2. The company is a rare breed and achieves scale/profitability without need for additional equity capital.
3. The company doesn’t make the required progress for new VCs to invest, but the existing investors believe enough in the management and company to bridge the company until enough progress is made to be able to get a new VC to invest.
4. The company doesn’t make the required progress, and the existing investors are also not convinced that it makes sense to bridge the company, thereby using the line that investing at that point might be commensurate with putting “good money after bad”. The result is either a distress sale or a complete wind down of operations.
Both scenarios 3 and 4 can be tricky conversations between management and investors. The key to making those conversations fruitful is to start having the dialog sooner rather than later, and sharing the bad news (more important than good news) with the investors as early as possible. Complete transparency is a good thing in a marriage as well as relationship with one’s investors (something honestly I have had issues with in India).
I have had the pleasure of being in the midst of all four of the above scenarios. The first two are a pleasure and not as commonplace as I would like. What does an entrepreneur do? You strongly believe in the prospect of the company (often driven by emotion and passion which is completely understandable), even though you have not achieved the milestones as projected.

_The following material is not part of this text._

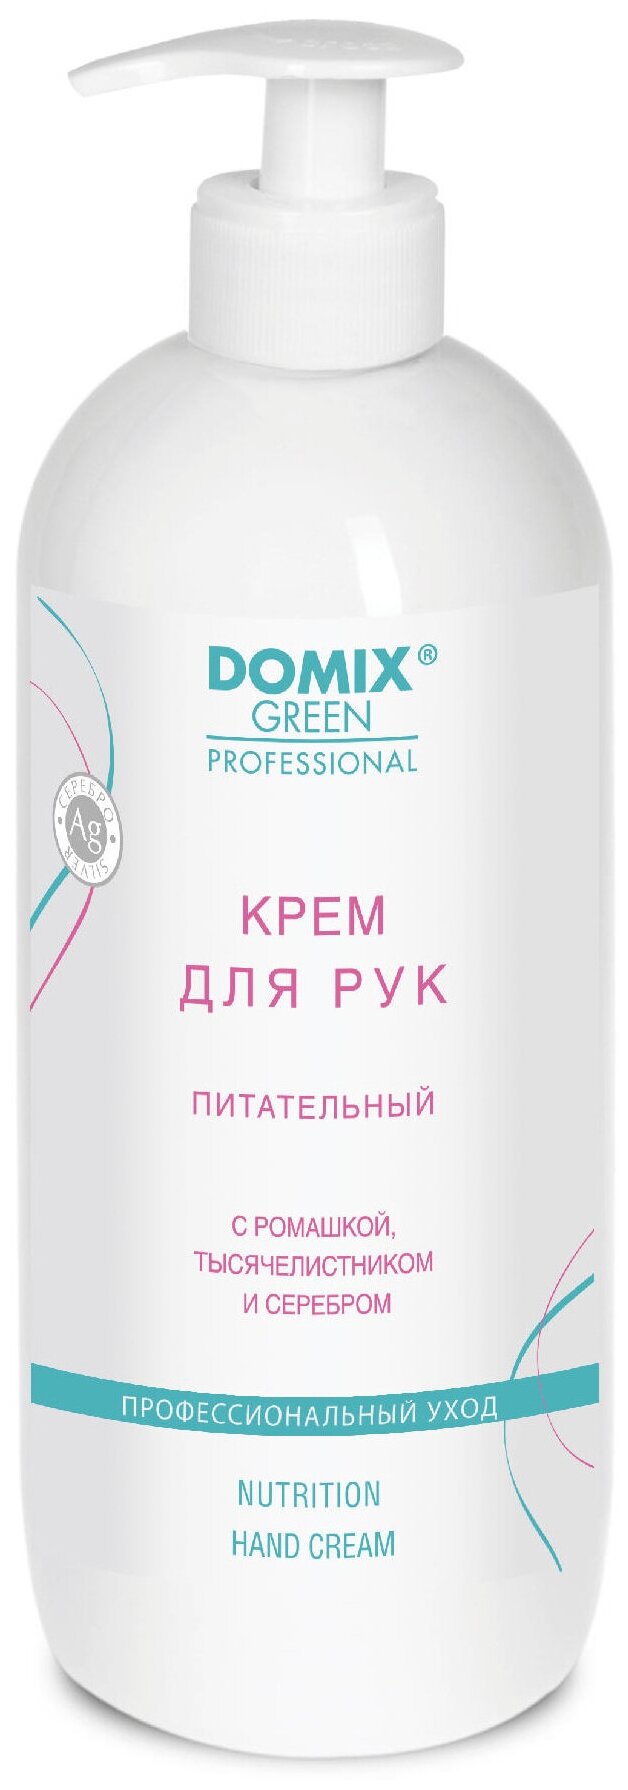 Domix Green Professional Крем для рук DOMIX питательный с ромашкой тысячелистником и коллоидным серебром 250 мл

Bottom-line is that there has to be some underlying trend, data or progress that gives the existing investor comfort and confidence that it’s not a matter of “if” but “when” the hockey stick growth will take place, and the “when” is not years but perhaps a few months away. If you are able to convince them with the existing burn/spend, then the investors are likely to bridge the company because they fundamentally believe that the timeline has shifted a little but the prospects are still very strong. But if the entrepreneur is not able to convince that investors, then one of two outcomes is likely – either the entrepreneur/management has to cut the burn and make the existing cash balance last longer until they can actually show progress to be able to convince existing and/or new investors to put in additional capital. Else, if there is time (several months till cash runs out), then one can engage a banker to find a home via M&A or if there isn’t time, then the company is forced to wind down.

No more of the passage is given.